Sliding blocks on an inclined plane

[Fanta]

Homework Statement

Two blocks of mass m1 = 1kg and m2 = 2kg, connected through a rope, slide across an inclined plane with inclination of

$$\theta = \frac{\pi}{6}$$

The friction coefficient equals 0.5

3.1 Calculate the total work done by the friction force that acts on the first block after it has moved 1m along the inclined plane.

3.2 Determine the accelaration of the system and the rope tension.

Homework Equations

$$\theta = \frac{\pi}{6}$$

$$\mu = 0.5$$

$$F_{f} = \m \cdot u \cdot N$$

$$F = m \cdot a$$

g = 9.81

The Attempt at a Solution

3.1 -

To calculate the friction force in the first block, i think we don't have to consider the second block, so:

$$F_{f} = \mu \cdot N$$

$$N = m_{1} \cdot g \cdot cos \theta$$

$$F_{f} = \mu \cdot m_{1} \cdot g \cdot cos \theta$$

then we multiply that for the displacement (1m), and we get the work.

Is this correct?

3.2 Determine the acceleration of the system and the rope tension.

First, to determine the acceleration, I considered the whole system as a whole. So, consideing only external forces, I sum the masses 1 and 2, giving me M -> mass of the whole system.

$$Fr = F_{gx} - F{f}$$

$$M \times a = (M g sin \theta) - (M g cos \theta)$$

$$a = \frac{(M g sin \theta) - (M g cos \theta)}{M}$$

now, for the tension:

$$F{r1} = (m{1} g sin \theta) - (m{1} g cos \theta)$$

$$F{r2} = (m{2} g sin \theta) - (m{2} g cos \theta)$$

$$Tension = F{r2} - F{r1}$$

Is everything right?

 

[anathema]

I would like to clarify a few things in your solution.

3.1 - Your approach to calculating the work done by friction is correct. However, I would like to mention that the friction force will depend on the normal force, which in turn depends on the weight of both blocks. So, it is important to consider the weight of both blocks in your calculation.

3.2 - Your approach to determining the acceleration of the system is correct, but I would like to mention that the mass of the system should be the sum of both blocks, not just the external forces. So, the equation should be M = m1 + m2. Additionally, you have used the same value for g in both the numerator and denominator, which is incorrect.

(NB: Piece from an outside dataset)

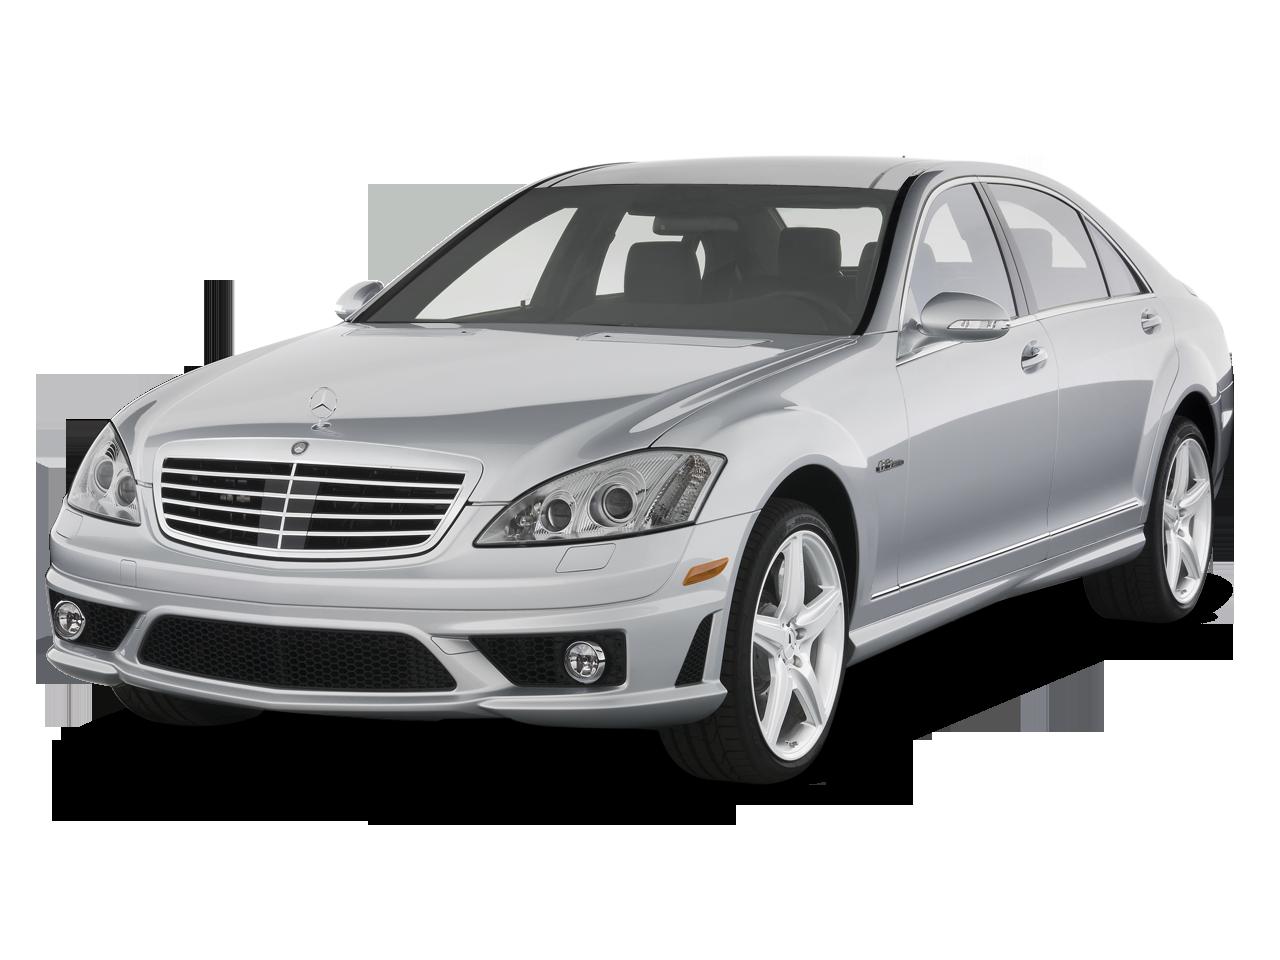 2009 mercedes benz s63 amg - mercedes benz luxury sedan review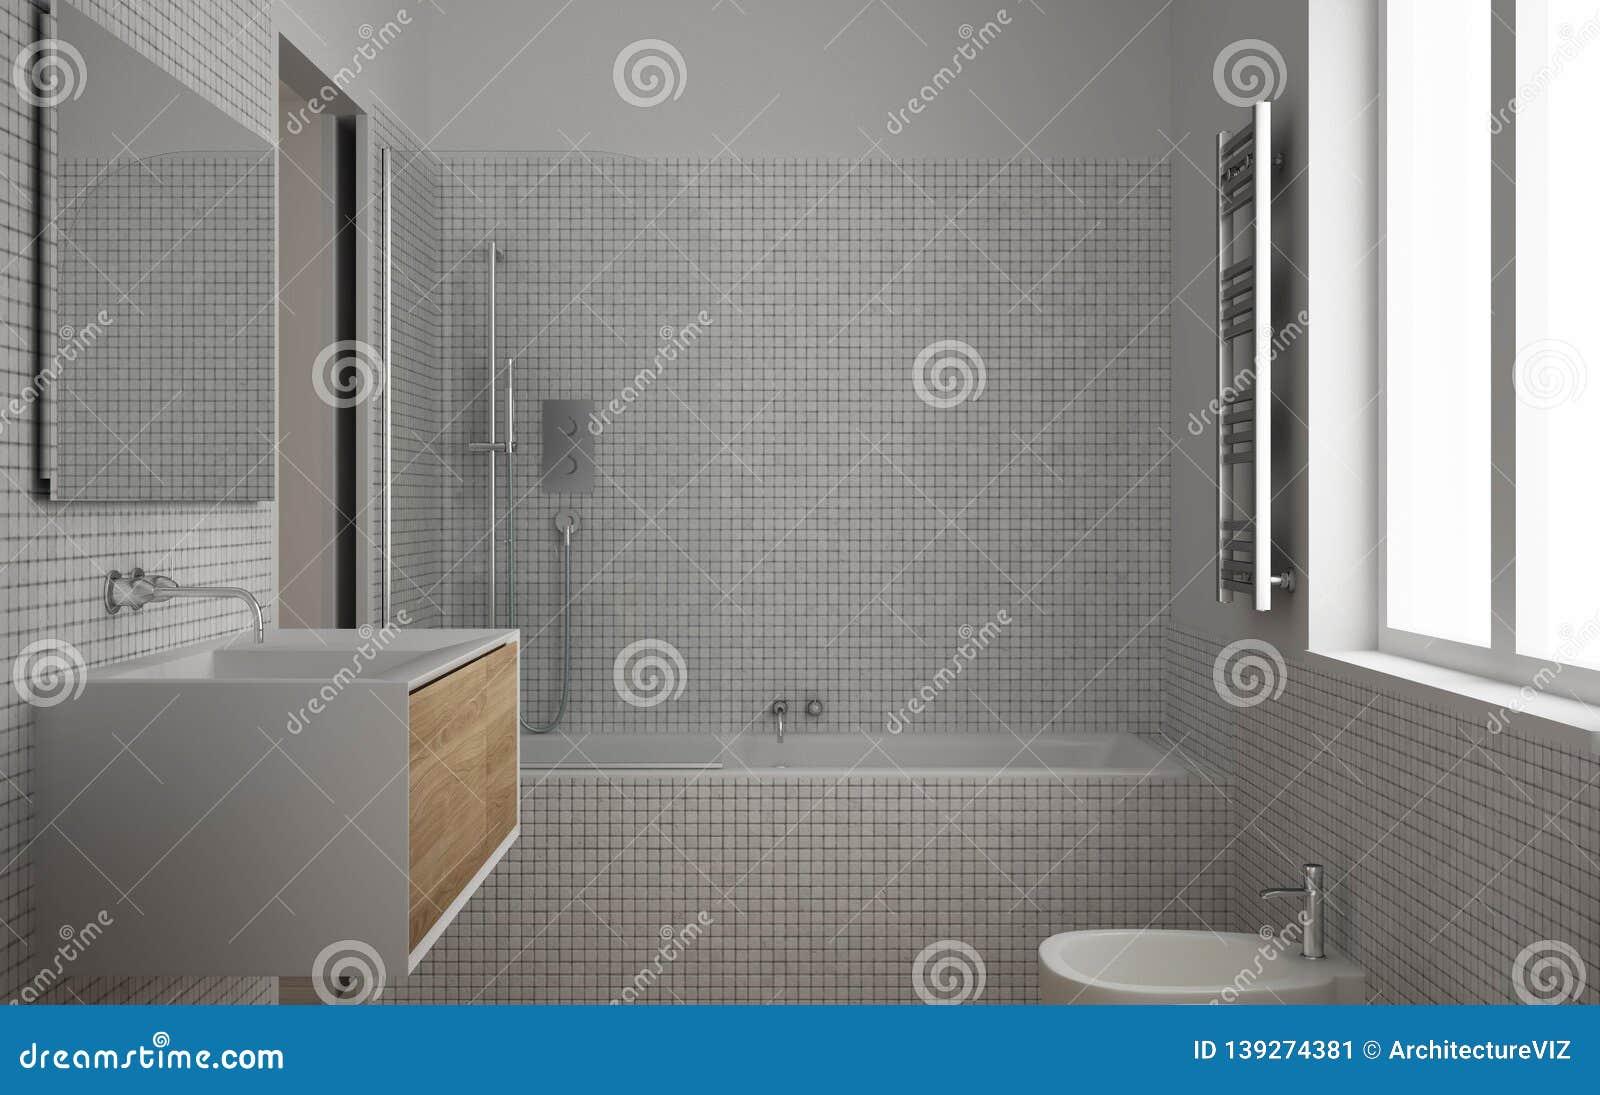 Modern Minimalist Bathroom With Parquet Oak Wood Floor And White

The correct equation should be:

a = (g sin theta - u g cos theta)/(m1 + m2)

For the tension, your approach is correct, but I would like to mention that the tension in the rope will be the same for both blocks, as they are connected by the same rope. So, the equation should be:

Tension = F{r2} = F{r1} = m1 g sin theta - m1 g cos theta

Overall, your approach is correct, but it is important to be careful with the values and equations used. I hope this helps in your solution.

 

[kerimek]

Overall, your approach and equations seem to be correct. However, there are a few points that can be clarified or improved upon.

3.1 - Your approach to calculating the work done by the friction force on the first block is correct. However, you should also consider the work done by the gravitational force on the first block, which is equal to m1gcosθ multiplied by the displacement (1m). The total work done on the first block would be the sum of these two values.

3.2 - Your approach to calculating the acceleration of the system is correct. However, you should also consider the tension in the rope when calculating the acceleration. The tension in the rope is equal to the sum of the forces acting on the second block (m2gcosθ) and the friction force on the first block (μm1gcosθ). This tension will also contribute to the acceleration of the system.

Additionally, for the tension calculation, you should use the net force on the second block (m2gcosθ) instead of the individual forces (m2gsinθ and m2gcosθ).

Overall, your approach is correct, but it would be helpful to include all relevant forces and their contributions to the system's acceleration and work done.